Por Herminio Portell Vilá (1954)
Después de varios años de vigencia, los Estados Unidos se aprestan a modificar Ley McCarran, que estableció las más absurdas restricciones a la inmigración en un país que es el producto de la inmigración. La ley tomó el nombre de su patrocinador, que lo fue el reaccionario Senador McCarran, de Nevada, digno amigo y colaborador de Franco y procedente de un estado que tiene la mitad de la población del Ayuntamiento de Marianao y es notario en los Estados Unidos por las franquicias concedidas al juego, la prostitución, las borracheras, los divorcios y otras muchas irregularidades de la conducta de los hombres.
Los Estados Unidos han comprobado que, en la práctica, la ley McCarran ha sido un semillero de dificultades, de injusticias, de errores, de perjuicios y hasta de gastos innecesarios.
Es de esperar que las modificaciones que se hagan a esa legislación respondan a un estudio concienzudo de sus desventajas y que éstas sean medidas adecuadamente; pero, mientras tanto y al ser nosotros, los cubanos, de los que más perjudicados resultamos con la Ley McCarran, quizás si valga la pena que yo dedique este artículo a bosquejar siquiera sea brevemente, la historia de la inmigración cubana en los Estados Unidos, que proporcionó a ese país muchos de sus primeros inmigrantes y de los mejores.
Al cabo de ciento setenta y cinco años de historia norteamericana, los emigrados cubanos siguen siendo de los más útiles extranjeros que se han incorporado al “melting pot” o crisol de pueblos que son los Estados Unidos.
La afirmación que acabo de hacer no responde a puntillos nacionalistas o a patrioterías, sino a realidades que es una lástima que los historiadores norteamericanos las desconozcan o no las hayan apreciado debidamente, al mismo tiempo que resulta imperdonable que nosotros mismos, los cubanos, tampoco nos hayamos cuidado de destacarlas por nuestra cuenta.
Todos los años cuando tengo un alumno universitario que me impresiona con su inteligencia, sus hábitos de estudio y la ambición de destacarse, hago alusión a este tema con la esperanza de que lo escoja para su tesis de grado; pero hasta ahora no he logrado interesar a ninguno de ellos en lo que sería la prueba concluyente de nuestras capacidades como pueblo.
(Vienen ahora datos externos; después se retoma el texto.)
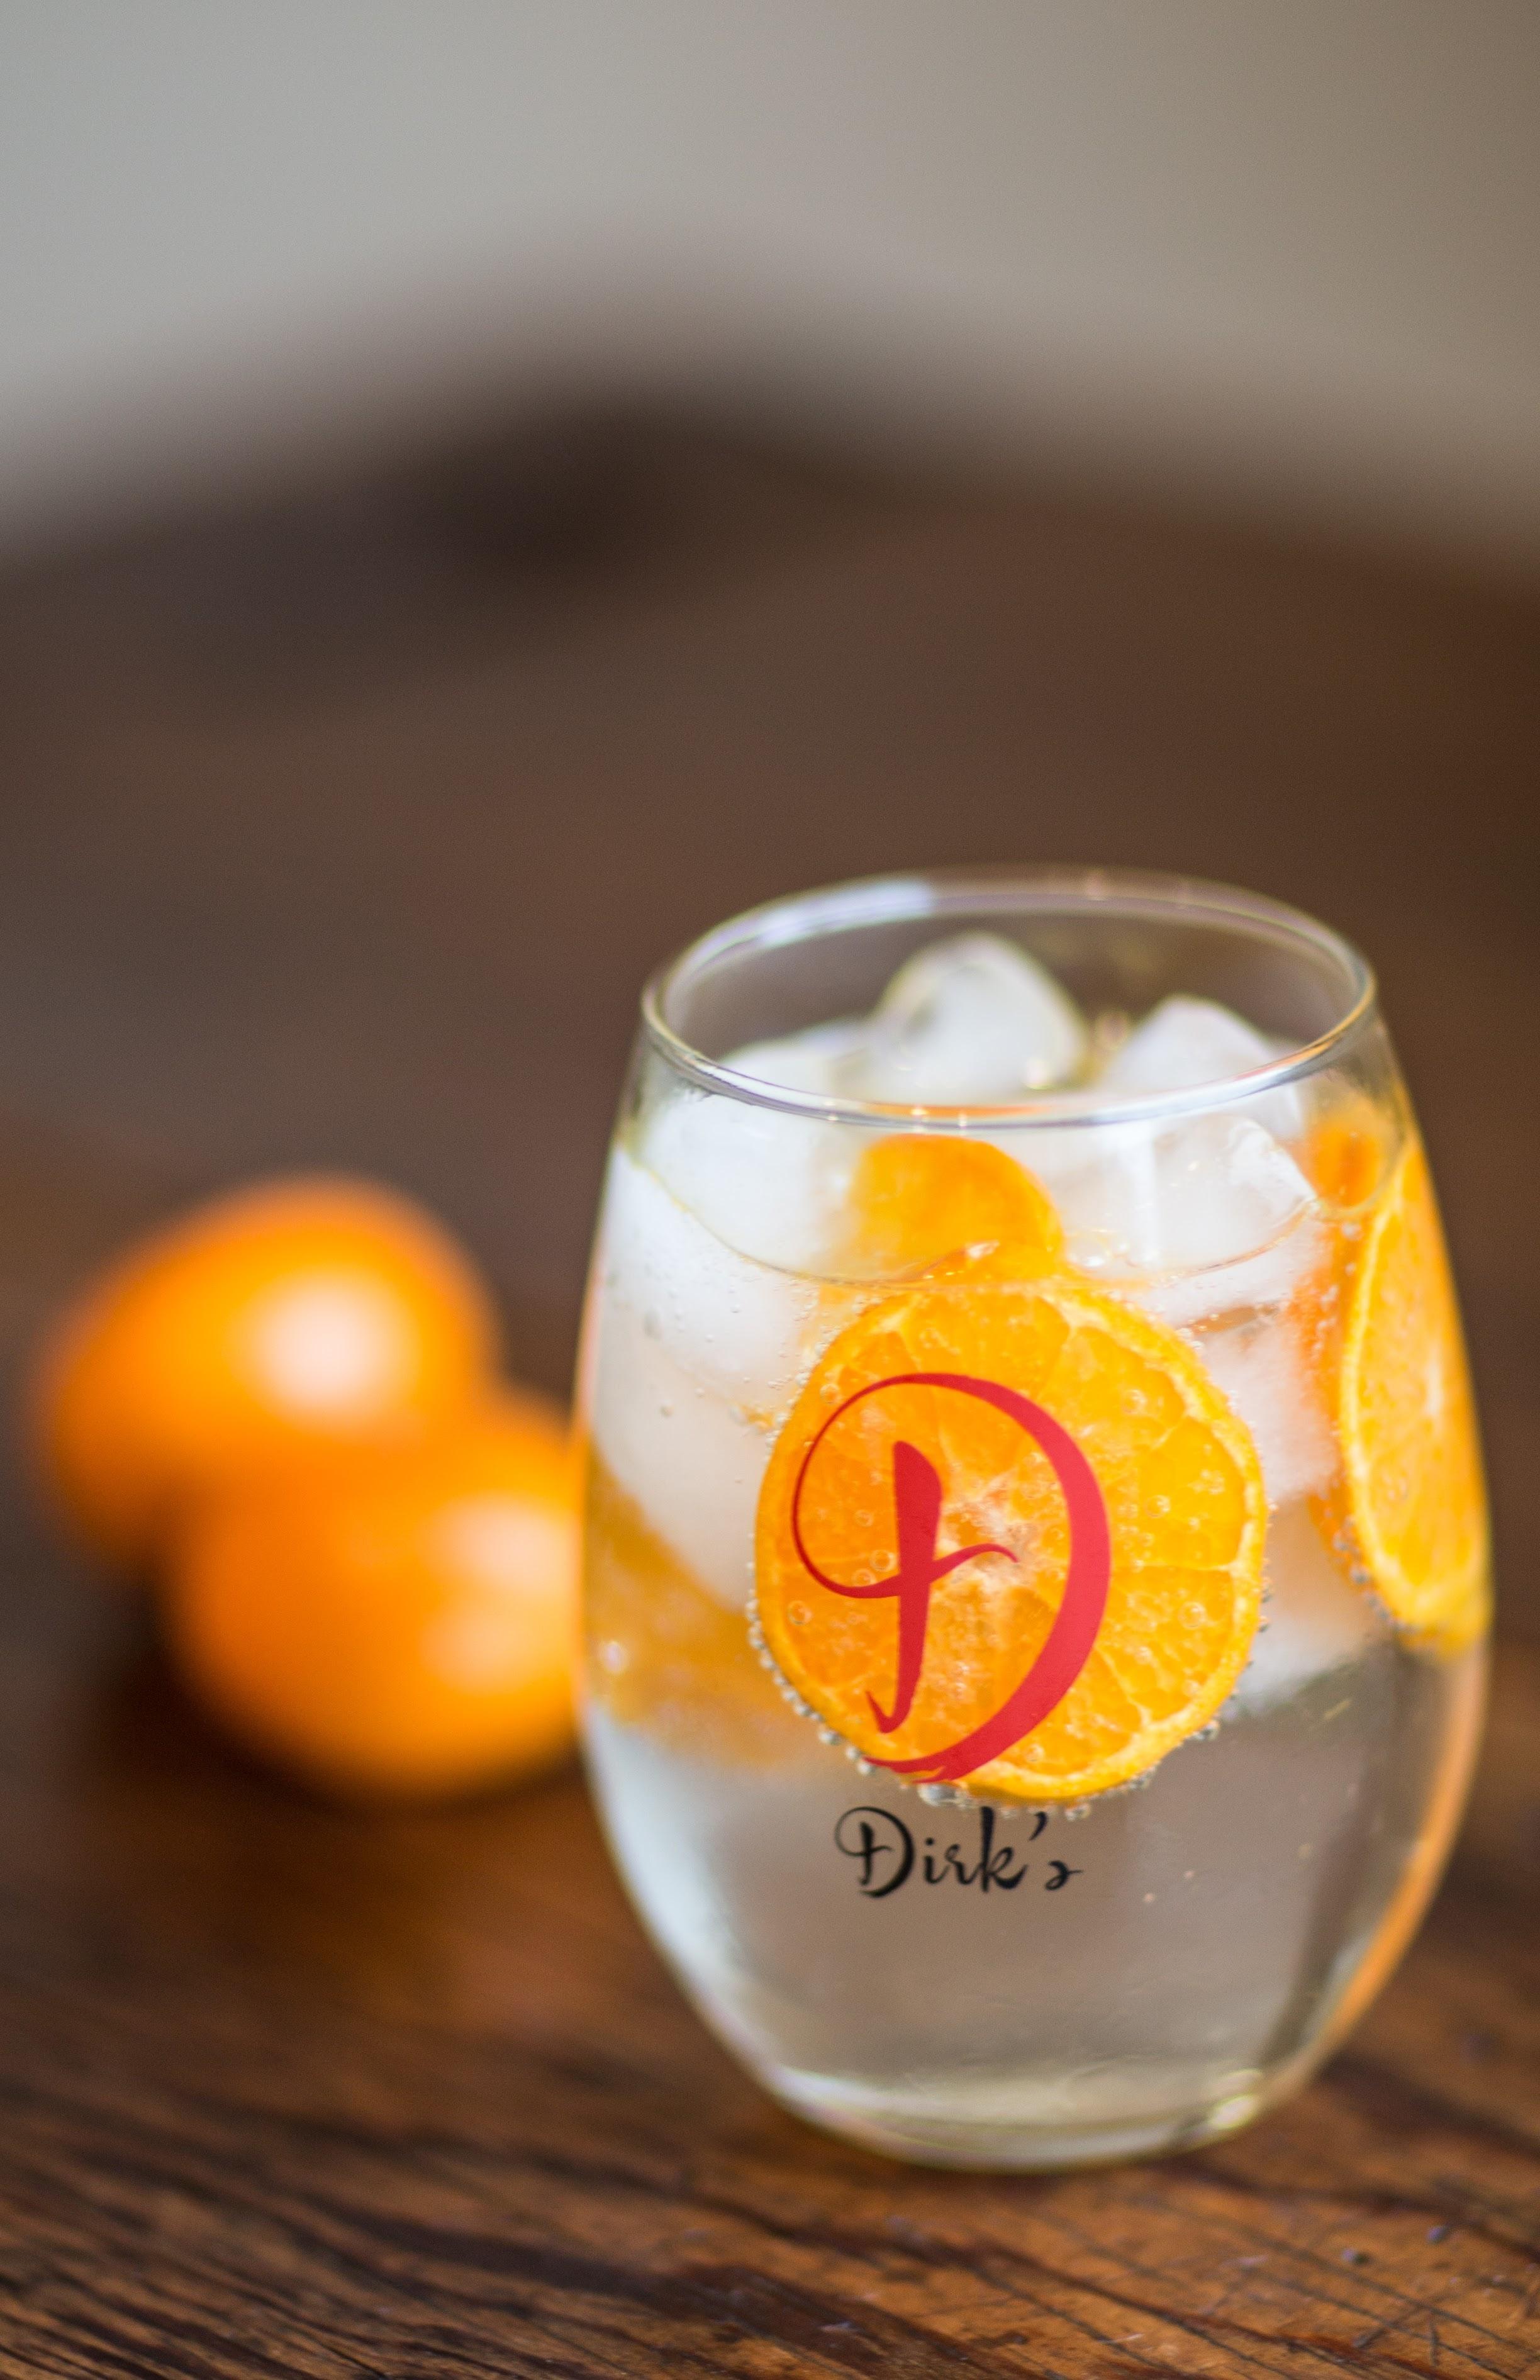 dirks_vodka_with_tangerine.jpg

Los años que pasé en bibliotecas y archivos de los Estados Unidos, acopiando los materiales para mi “Historia de Cuba en sus relaciones con los Estados Unidos y España” (La Habana, Montero, editor. 4 vols., 1938-1942), me permitieron descubrir datos interesantísimos de las meritísimas colonias cubanas en Boston, Nueva York, Filadelfia, Baltimore, Washington, Wilmington, Savannah, Charleston, Mobila, St. Lotus, Annapolis, Central Valley, Nueva Orleans y, sobre todo, en las poblaciones del Estado de Florida, en un tiempo dependientes de Cuba, cuando la dominación española, y que después, cuando España vendió toda esa región a los Estados Unidos, por espacio de más de medio siglo permaneció en un abandono que es tanto más sorprendente si se le compara con su progreso actual.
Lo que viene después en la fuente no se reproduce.